Claudine (book series)
Bi MediaWikimedia/Portrait of Colette by Jacques-Émile Blanche, 1905, Museu Nacional d'Art de Catalunya
The Claudine book series (1900–1904) consists of the first four novels published by French author Colette, sold under the pen name of her first husband, Henry Gauthier-Villars. The first three novels adopt the form of a personal diary, while the fourth shifts to the perspective of another character named Annie.
After marrying the significantly younger Colette, Gauthier-Villars, or “Willy”, as he was known, compelled her to draw from personal experiences to write about a fictional ingénue with a similar background to hers, reportedly locking her in a room to force her writing. This resulted in a groundbreaking literary quartet that laid bare the complexities of female and bisexual desire in fin-de-siècle France.
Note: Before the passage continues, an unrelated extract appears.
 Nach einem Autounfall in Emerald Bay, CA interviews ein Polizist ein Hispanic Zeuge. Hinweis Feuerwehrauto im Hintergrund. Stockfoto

Claudine at School (1900) introduces a 15-year-old Claudine as she begins an affair with her headmistress’s assistant, Miss Aimée Lanthenay. When the headmistress, Miss Sergent, discovers their relationship, she terminates it, only to pursue Aimée herself. Meanwhile, Miss Sergent simultaneously courts the male school superintendent, while Claudine and her classmates, boys and girls, flirt indiscriminately with each other. We also learn that Aimée’s younger sister, Luce, harbors an infatuation with Claudine, too. The novel was very sought after by Parisian readers, becoming an instant sensation.
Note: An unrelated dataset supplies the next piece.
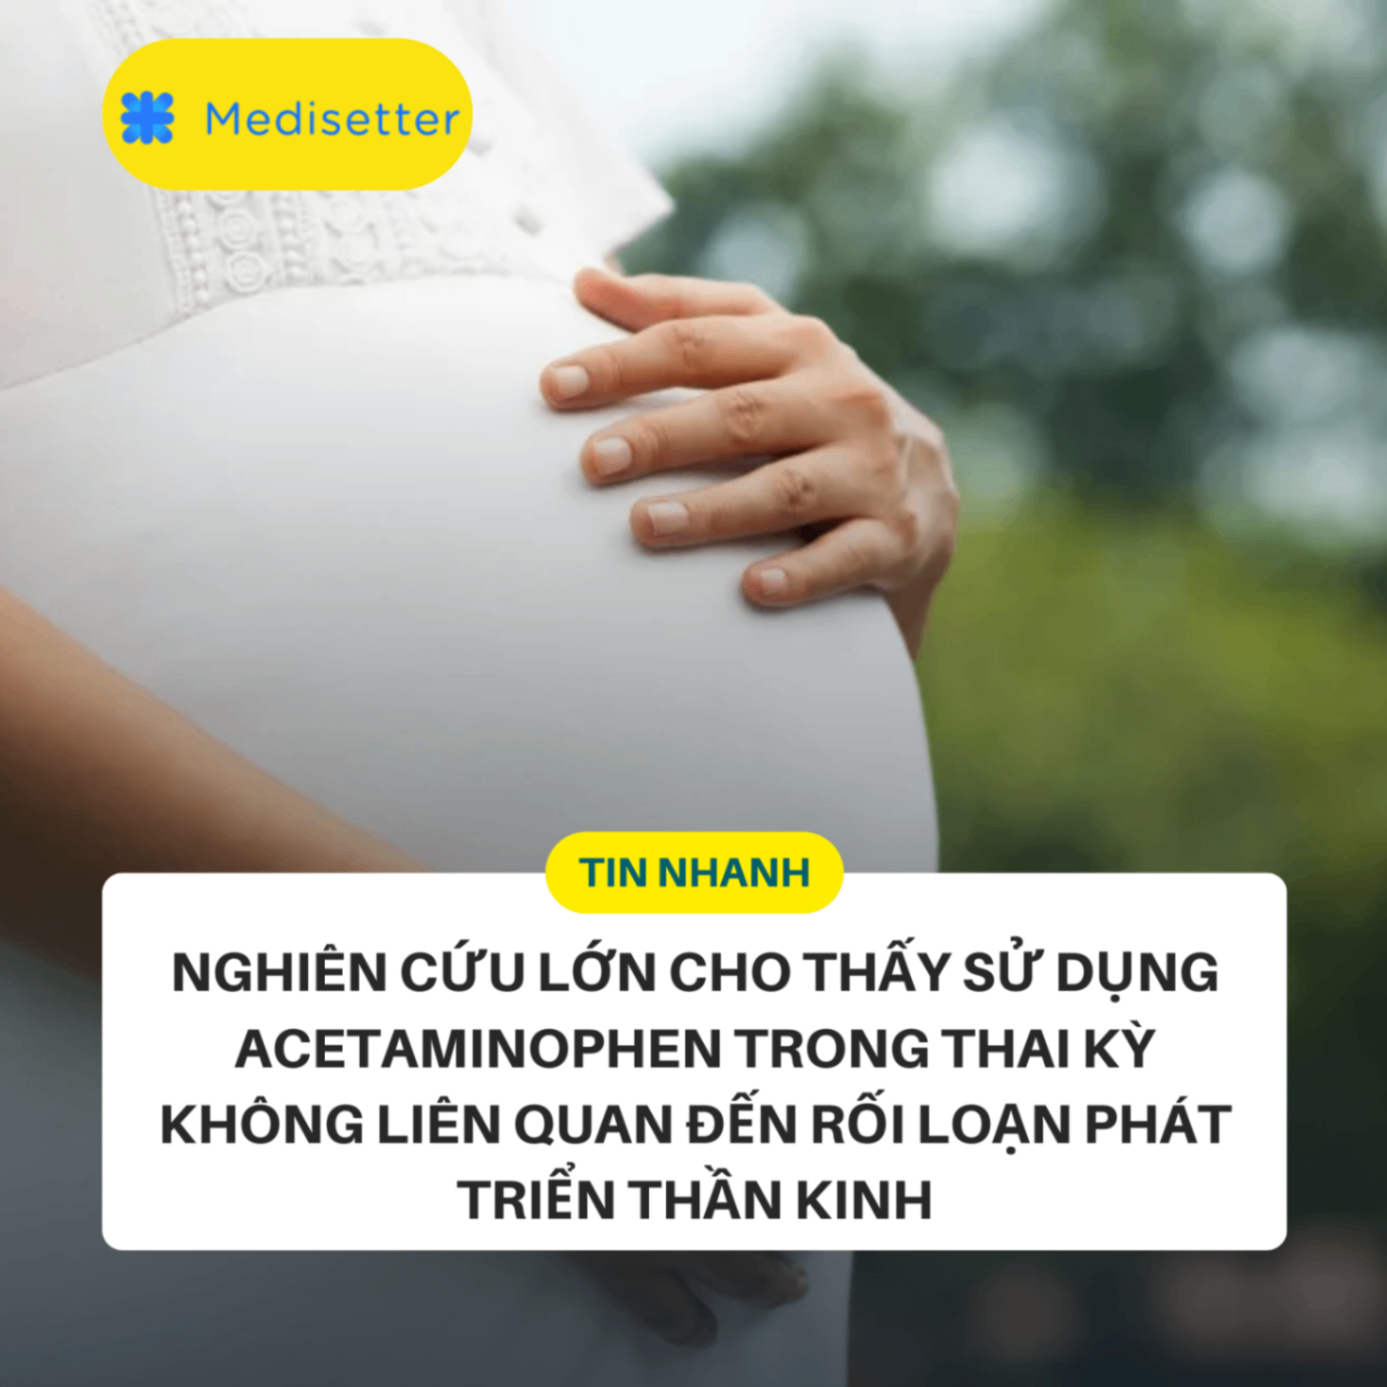 Nghiên cứu lớn cho thấy sử dụng Acetaminophen trong thai kỳ không liên quan đến rối loạn phát triển thần kinh

In Claudine in Paris (1901), the 17-year-old protagonist relocates to the capital with her father, naively exploring her burgeoning sexuality and learning about her desires. Claudine Married (1902) sees her wed to Renaud, a much older mentor of sorts. Their sexual relationship is initially passionate but quickly becomes fraught with imbalance, exacerbated when Renaud introduces another woman into their household. Claudine’s attraction to this woman, Rézi, sparks mutual flirtation — possibly more — while Renaud’s pursuit of Rézi traps Claudine in a manipulative triangle. Here, her sexual identity crystallizes alongside her realization of marital oppression: her jealousy targets not her husband, but the woman they both desire.
The concluding part, The Innocent Wife (1903), reframes the narrative through Annie, who marries Renaud after Claudine’s departure. Claudine appears peripherally as a liberated contrast to Annie’s stifled existence. Annie’s disillusionment with marriage fuels her feminist awakening, culminating in her abandoning Renaud after mustering the courage to leave, inspired by Claudine’s joy after marriage.
Collectively, the series constructs a universe full of bisexual characters — whether explicitly labeled or not — who engage romantically and sexually with each other. While the term “bisexuality” remains absent, the text’s fluid eroticism is undeniable. These novels inaugurated Colette’s lifelong literary works, where she continued to explore female sexuality as well as her bisexuality.